The Long-Awaited Sims 4 Terrain Tools Helped Me Build A Better Roof

Not to sound like the guy who sold you weed in high school, but did you ever think about roofs? What the fuck are those, man! Thanks to the latest Sims 4 update, I finally understand what makes a roof a roof.

It’s been a long time coming. Every single time I’ve tried to build a house in The Sims, I’ve been thwarted by the roof. I could just never make them look like what an actual roof on a house looks like, despite living in a house with a roof my entire life. In The Sims 3 I always ended up making A-Frame houses or modern houses with flat roofs. I told myself this was an aesthetic choice. It wasn’t. I was just a failure.

I’ve tried reading about architecture, taking inspiration from specific houses, and watching numerous speed build videos from my favourite Sims YouTuber, LilSimsie. Nothing stuck. Thanks to this week's free update in the Sims 4, I managed to finally make a house with a normal roof right out of the gate.

Screenshot: Sims 4, EA/Maxis

This lovely little cottage on a hill is the home of Phoenix Church, the name of my new Sim, whose job is “Style Influencer,” which is a new career also from the update.

I’m not gonna lie - I am unreasonably proud of this house, even if the window placement is slightly suspect. I think it has to do with how much less space I had to build on once I got finished manipulating the terrain.

Even the smallest lots in The Sims 4 give you a lot of room to work with in terms of building, but most houses, especially starter homes like these, are actually pretty small. After spending last week in the suburbs where my parents live, I’ve been thinking a lot about room sizes and layouts. Although the rooms in my parents’ house are bigger than my closet-sized New York apartment, they’re still pretty small.

This means that, in my parents’ home and also in this home I designed, the actual sections of roof on the house are much smaller than I previously had realised.

The latest terrain update gave me a chance to really think about how to make this work. It turns out the key is just “less is more.” Houses are both more and less complicated than they seem—most people who live alone don’t actually love living in huge, cavernous spaces. Because you can only build contiguous foundations on a flat plane at the same height in The Sims 4, I was constrained to half the lot size, and that made me realise that bigger is not actually better, and would actually make adding a roof to this house way more complicated.

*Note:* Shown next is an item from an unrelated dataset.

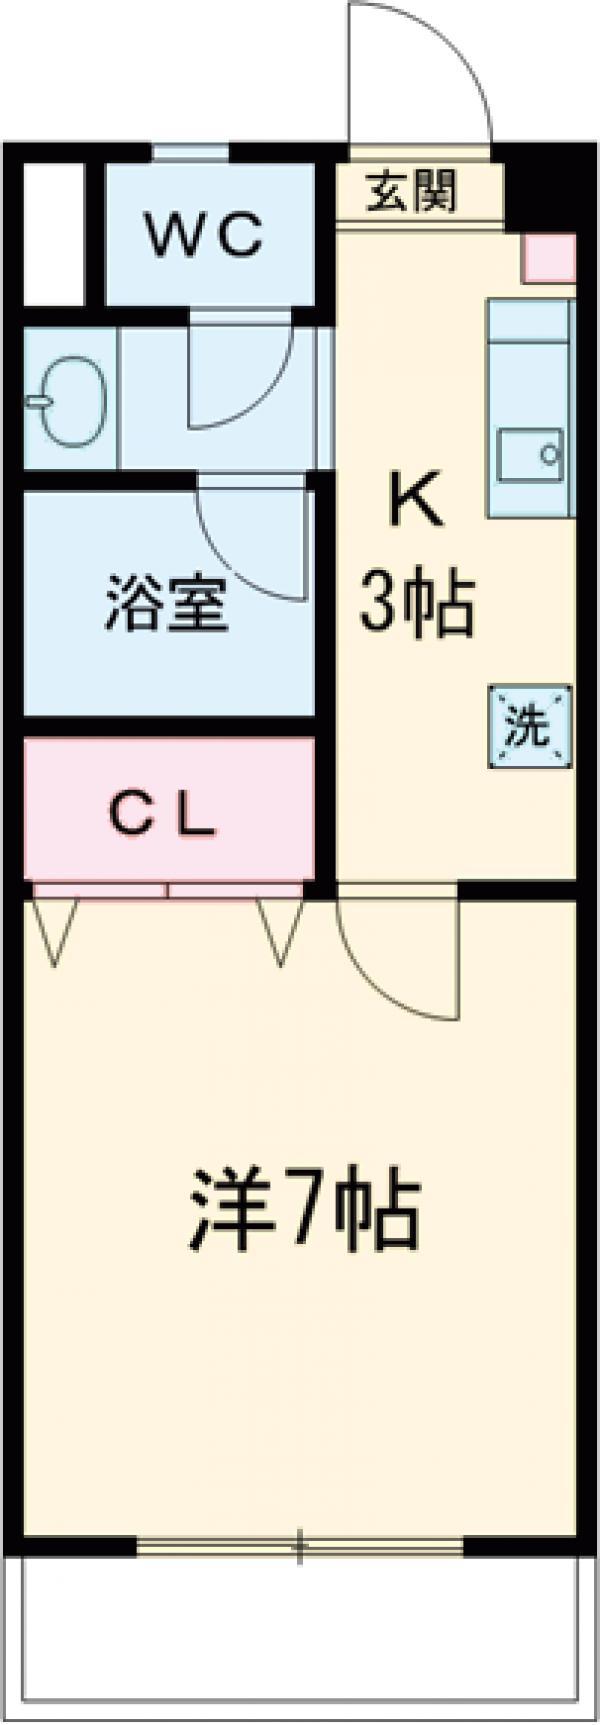 丹木田口ビル・305号室の間取り

Smaller roofs with fewer sections just look more like the houses on suburban streets.

Screenshot: Sims 4, EA/Maxis

The portions highlighted here in bright yellow are the only places where I can actually build. You can make staircases snap into the sides of hills, but otherwise you need the terrain to be flat to put a foundation on it.

In real life, there’s going to be at least a little height variation in the plot of land where your house is. I grew up in a house where the backyard is a hill with a fairly steep incline. Restricting the buildspace actually makes it easier to make something that looks like a house instead of a series of boxes with a huge roof on it.

When I spoke with producer David Miotke about the terrain tools for The Sims 4, he told me he couldn’t wait to see what other Simmers upload to the gallery. I also can’t wait to start uploading my own lots to the gallery, because they don’t look like complete arse anymore.